(DATASET SECTION):
——

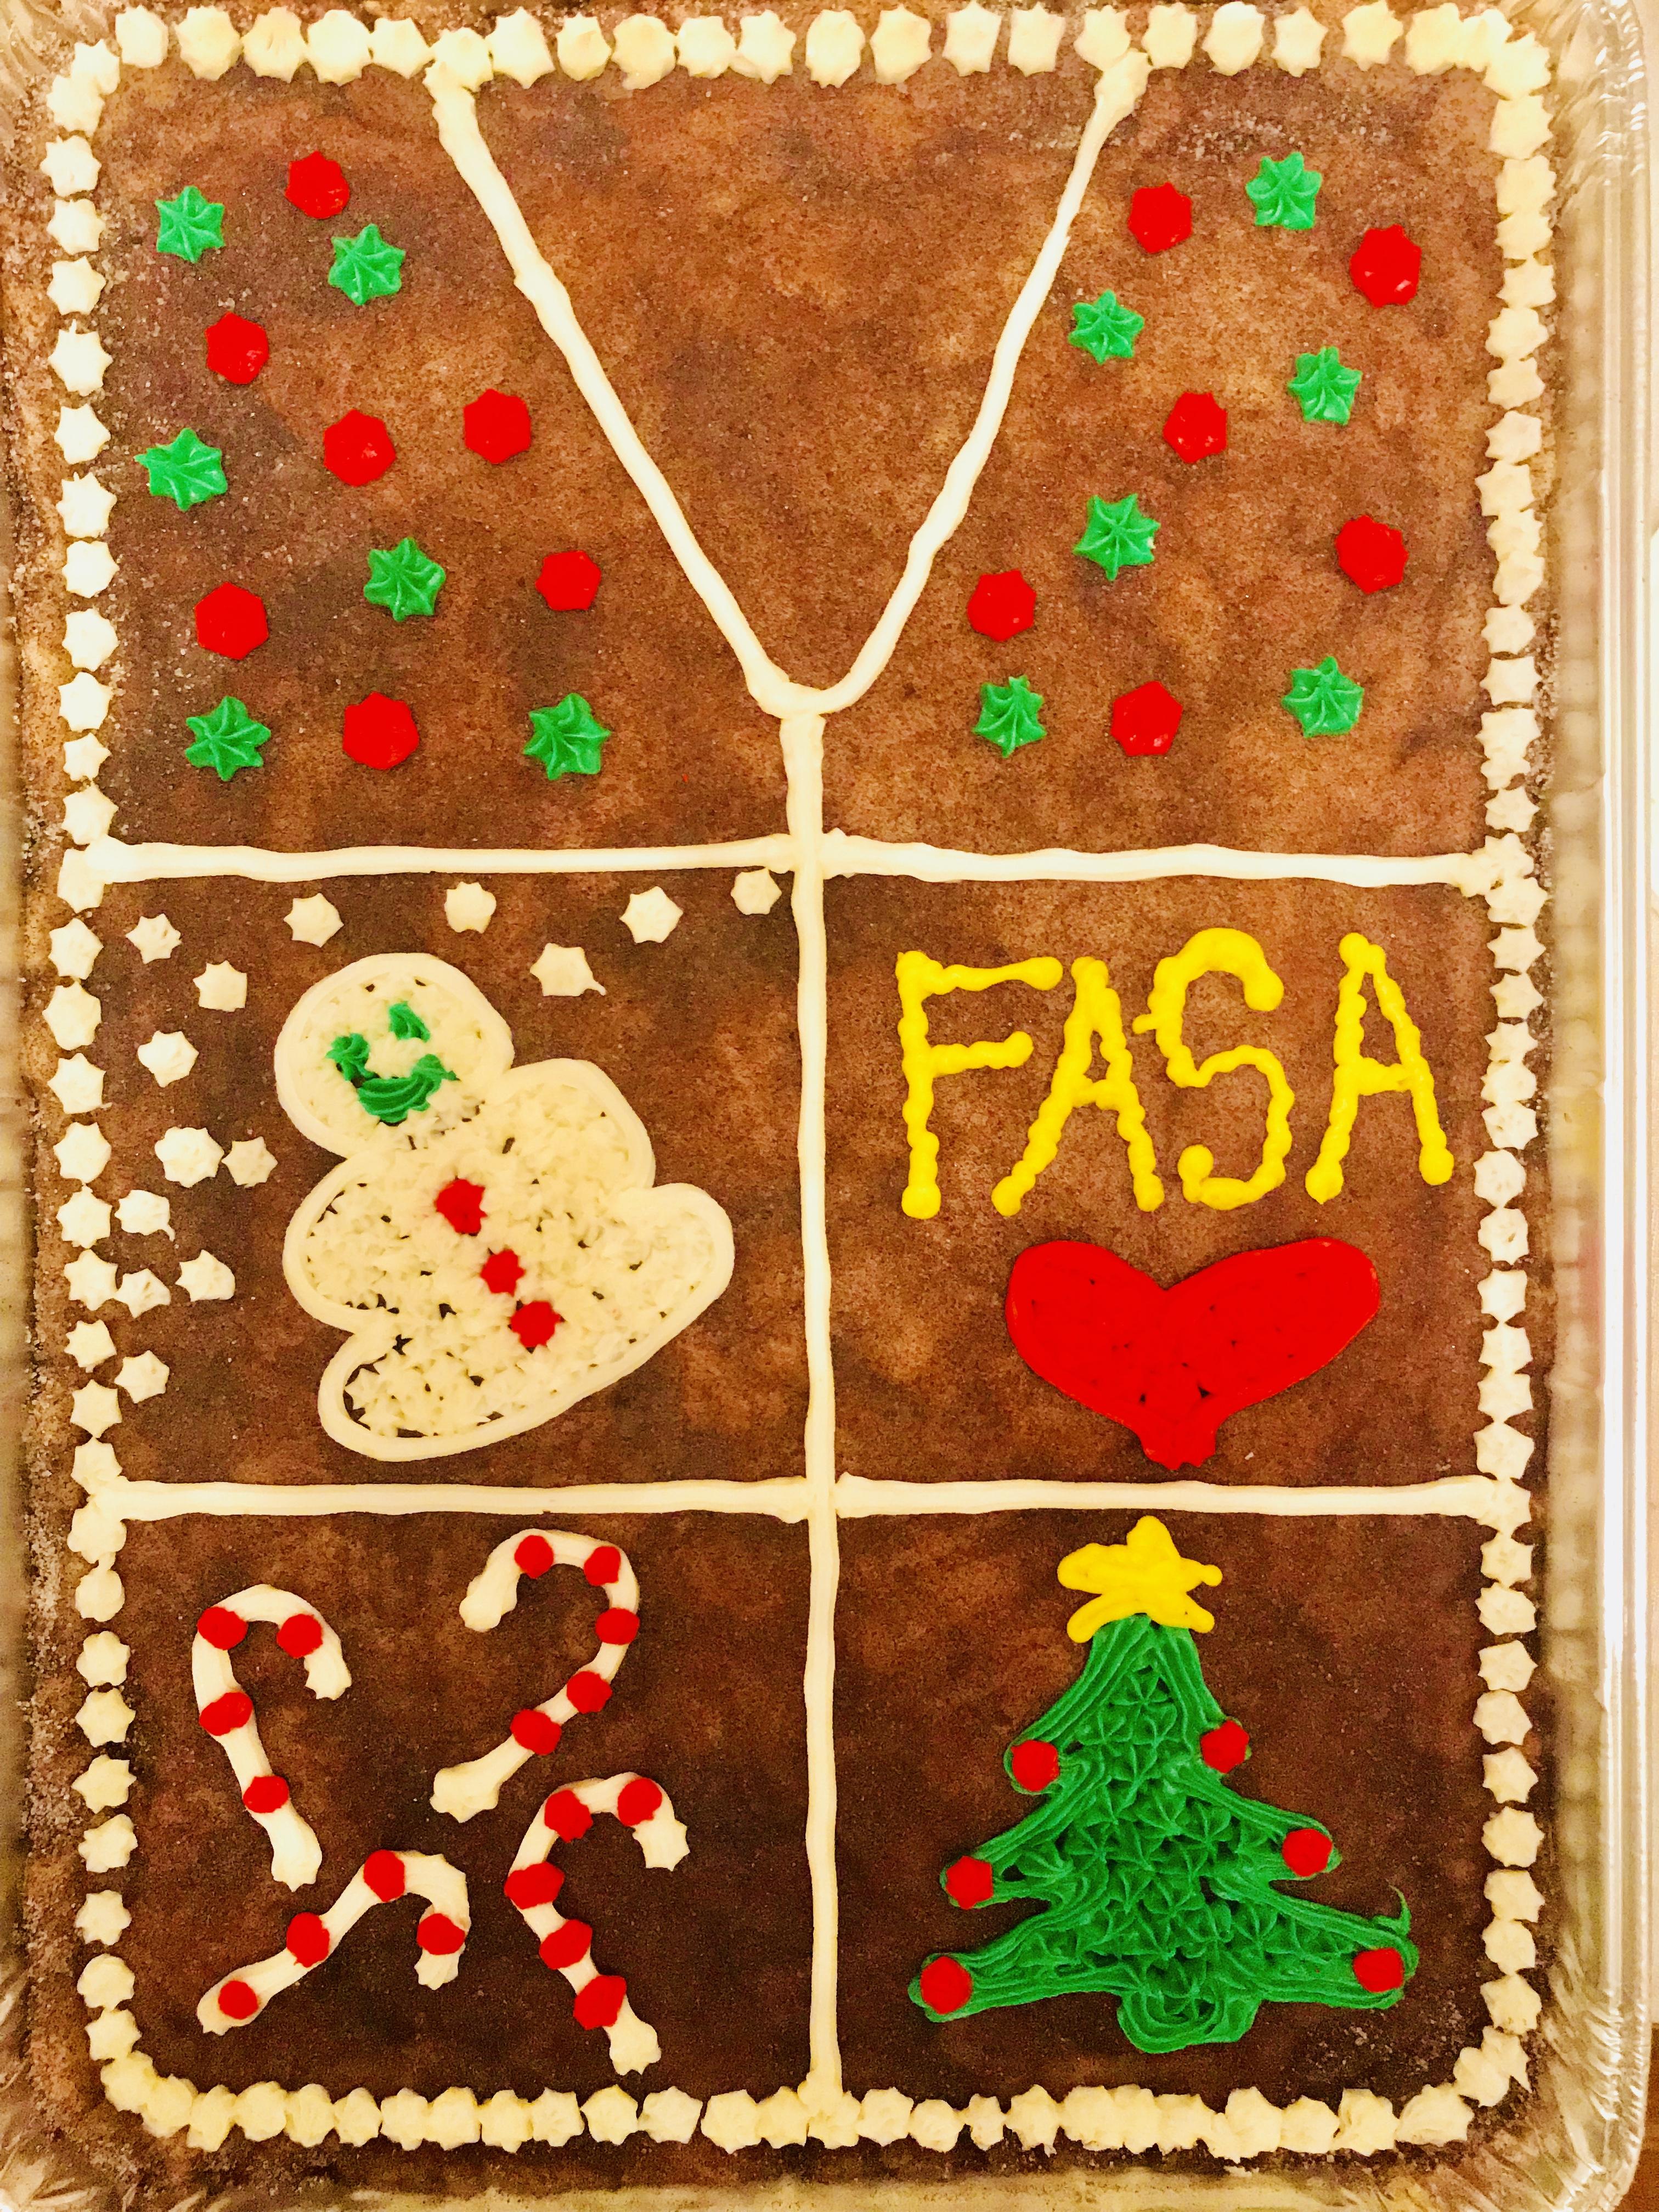 https://0201.nccdn.net/1_2/000/000/14b/789/fasa_Christmas.jpg
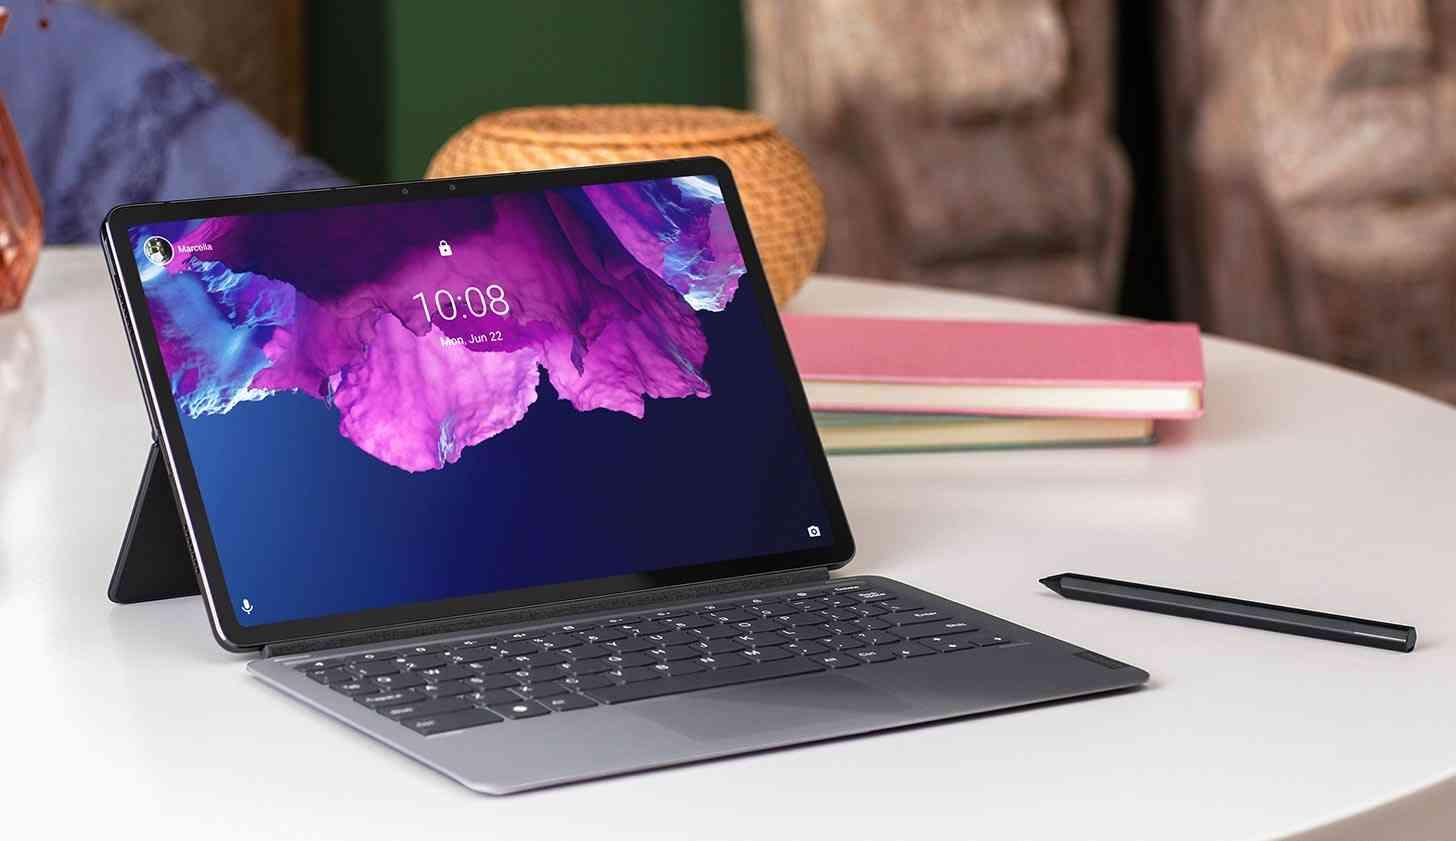 Lenovo Tab P11 Pro keyboard, stylus
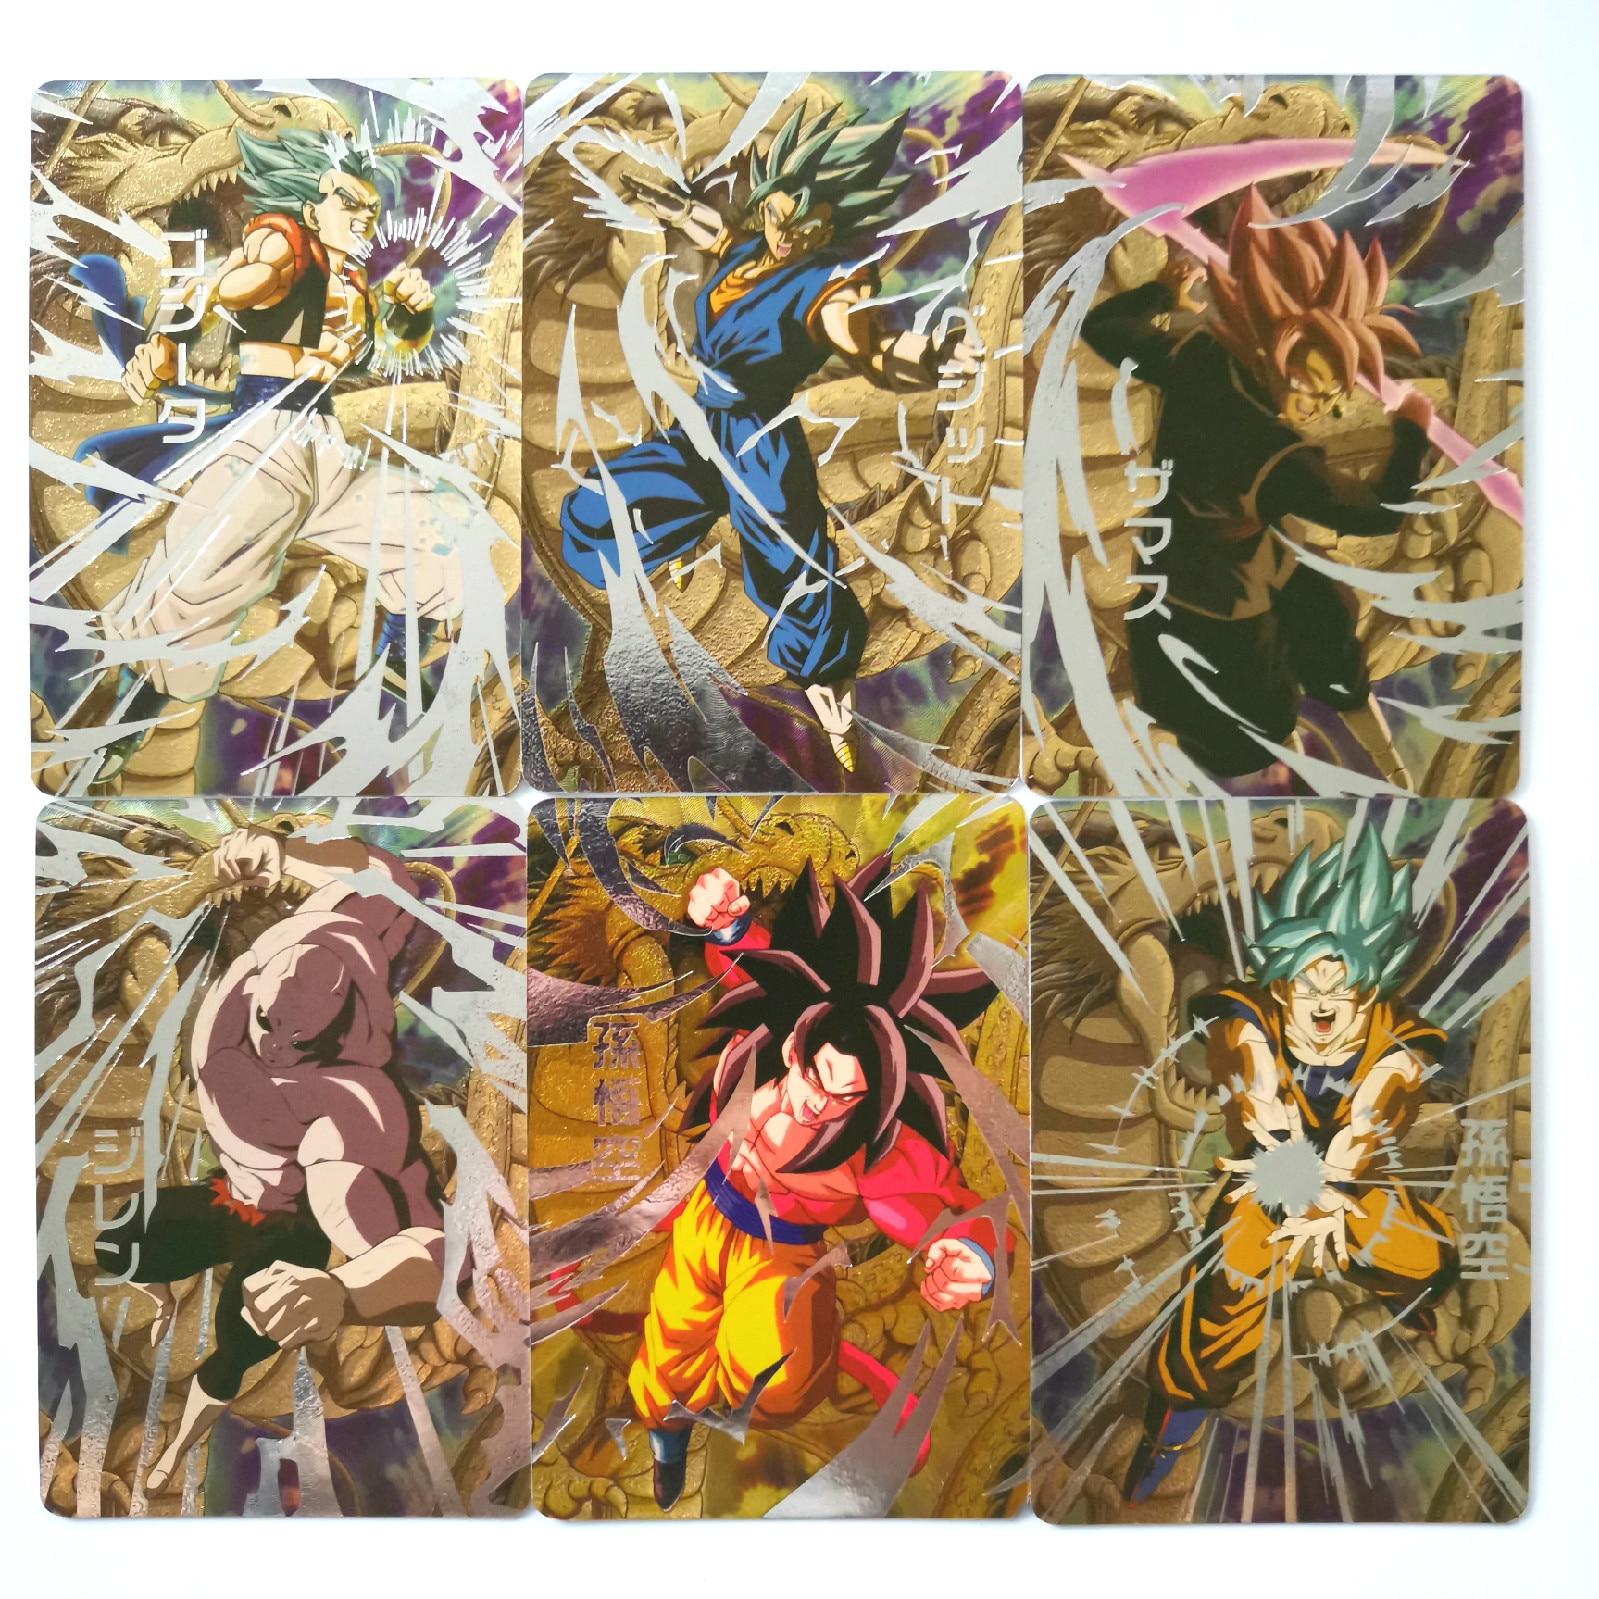 32 pièces/ensemble Super Dragon Ball seulement 37 ensembles héros bataille carte Ultra Instinct Goku végéta jeu Collection Anime cartes

——

(ACTIVITY): A word-for-word restatement of all the lines above is needed, with the pictures omitted.

(REPLY TO THE EXERCISE):
 https://0201.nccdn.net/1_2/000/000/14b/789/fasa_Christmas.jpg
 Lenovo Tab P11 Pro keyboard, stylus
 32 pièces/ensemble Super Dragon Ball seulement 37 ensembles héros bataille carte Ultra Instinct Goku végéta jeu Collection Anime cartes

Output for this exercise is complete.